Carl Jung, the third words of the Seven Sermons to the Unfeeling (1917)

Anna Franklin, Midsummer: Magical Partying of the Summer Solstice (2002)

Harnaek, Ueber dal gnostische Buch Pistil-Sophia, quoted in Philip Schaff, The New Schaff-Herzog Encyclopedia of Priestly Culture, Vol. I

Philip Schaff, The New Schaff-Herzog Encyclopedia of Priestly Culture, Vol. I

Moses W. Redding, The Illustrated Records of Freemasonry (2004)

Philip Schaff, The New Schaff-Herzog Encyclopedia of Priestly Culture, Vol. I

Ibid.

[10] Moshe Idel, Jewish Fascination and Superstition: A Examination in Folk Spirituality (2004)

[11] Constance Victoria Briggs, The Encyclopedia of God (2003)

[12] Marie-Louise Von Franz, Age group Tradition (1972)

[13] Zecharia Sitchin, The Immeasurable Mishmash (1998)
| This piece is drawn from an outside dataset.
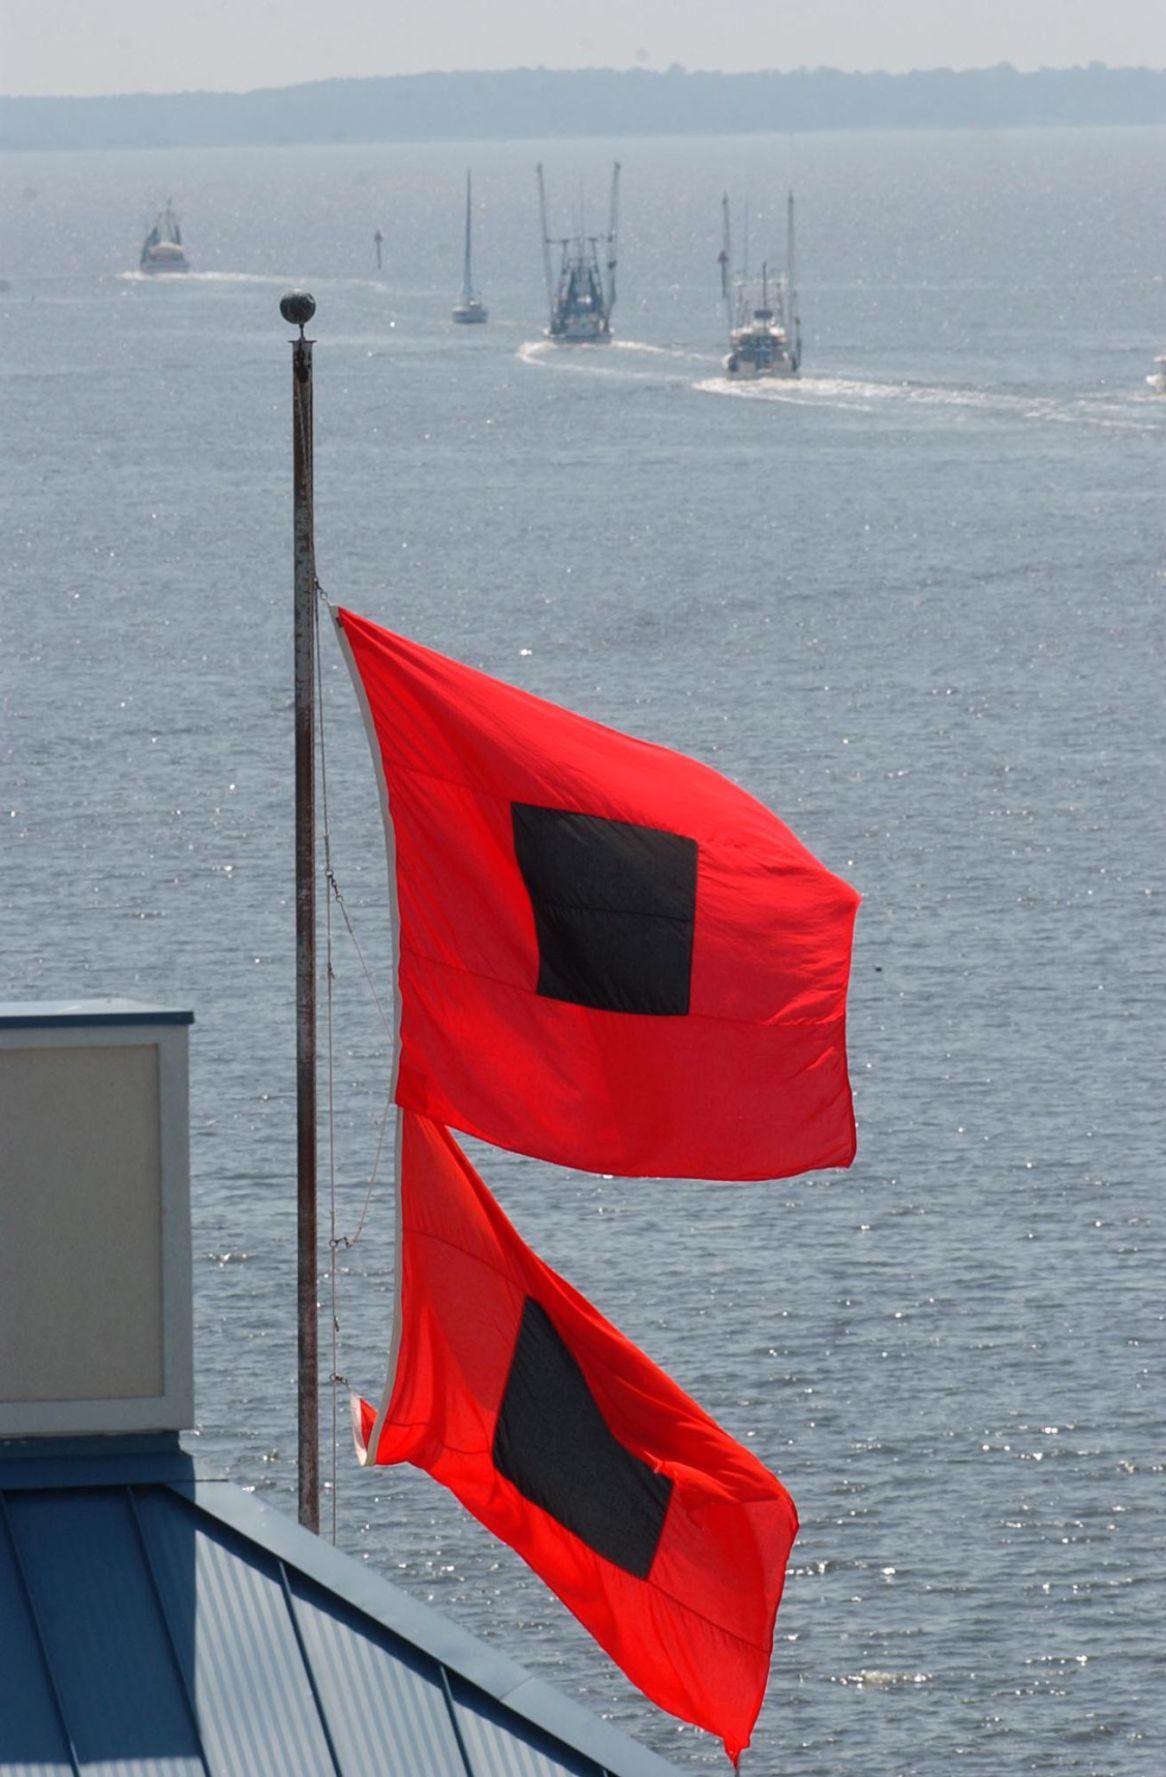 Hurricane warning flags
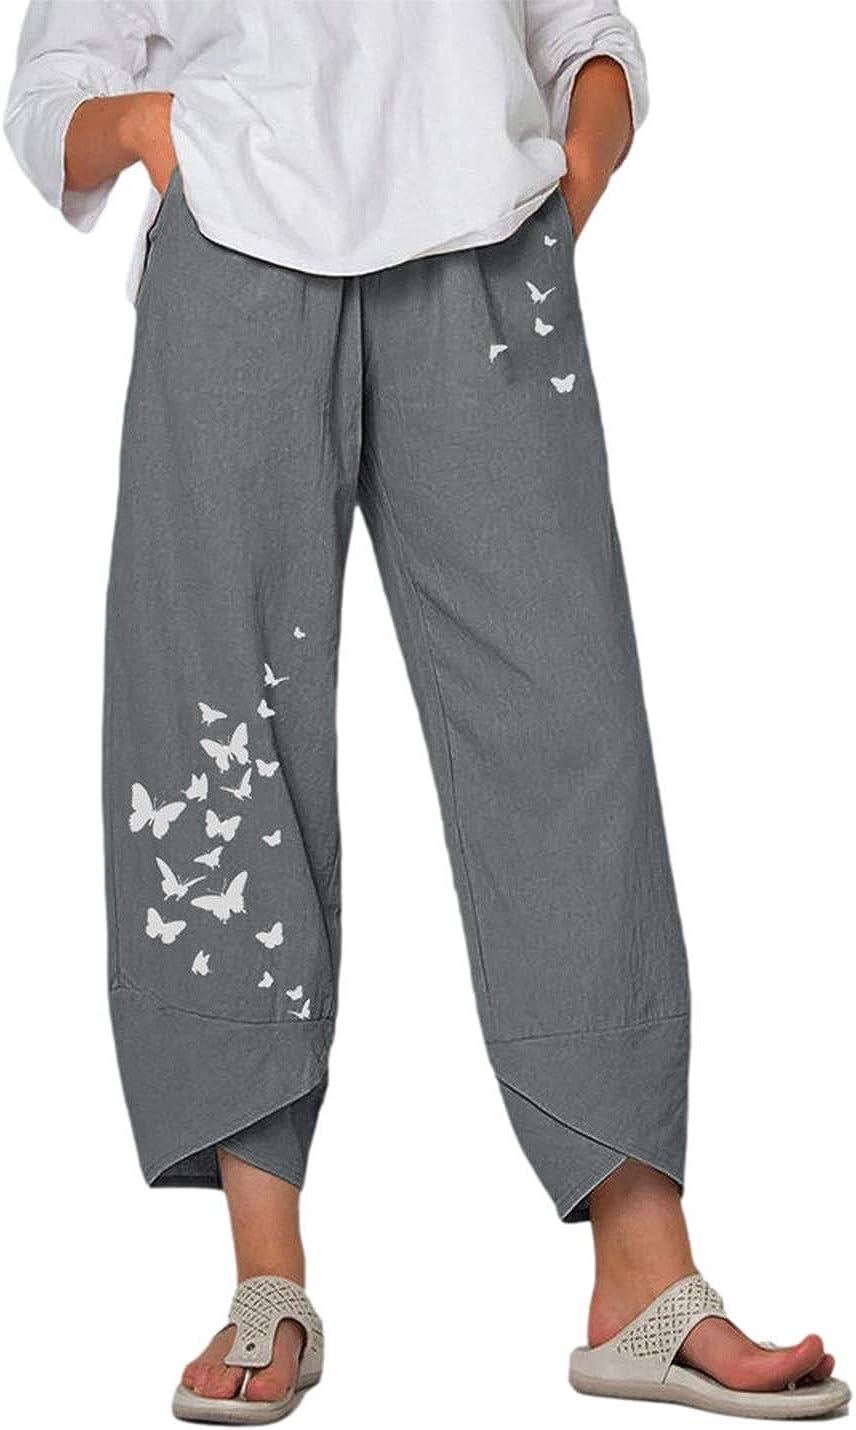 Lentta Women's Casual Summer Lightweight Wide Leg Loose Cotton Cropped Tulip Pants

[14] Gustave Flaubert, The Charm of Saint Anthony (1874), translated by Lafcadio Hearn

[15] Tracy R. Twyman, The Merovingian Mythos and the Magical of Rennes-le-Chateau (2004)

[16] Marc Ian Barasch, Curative Thoughts (2001)

[17] Male Palmer Group, The Unsigned Wisdom of All Ages (1928)

[18] John Michael Greer, The New Encyclopedia of the Occult (2003)

[19] Carl Lindahl, Medieval Folklore: A Direct to Tradition, Legends, Tales, Coaching, and Background (2002)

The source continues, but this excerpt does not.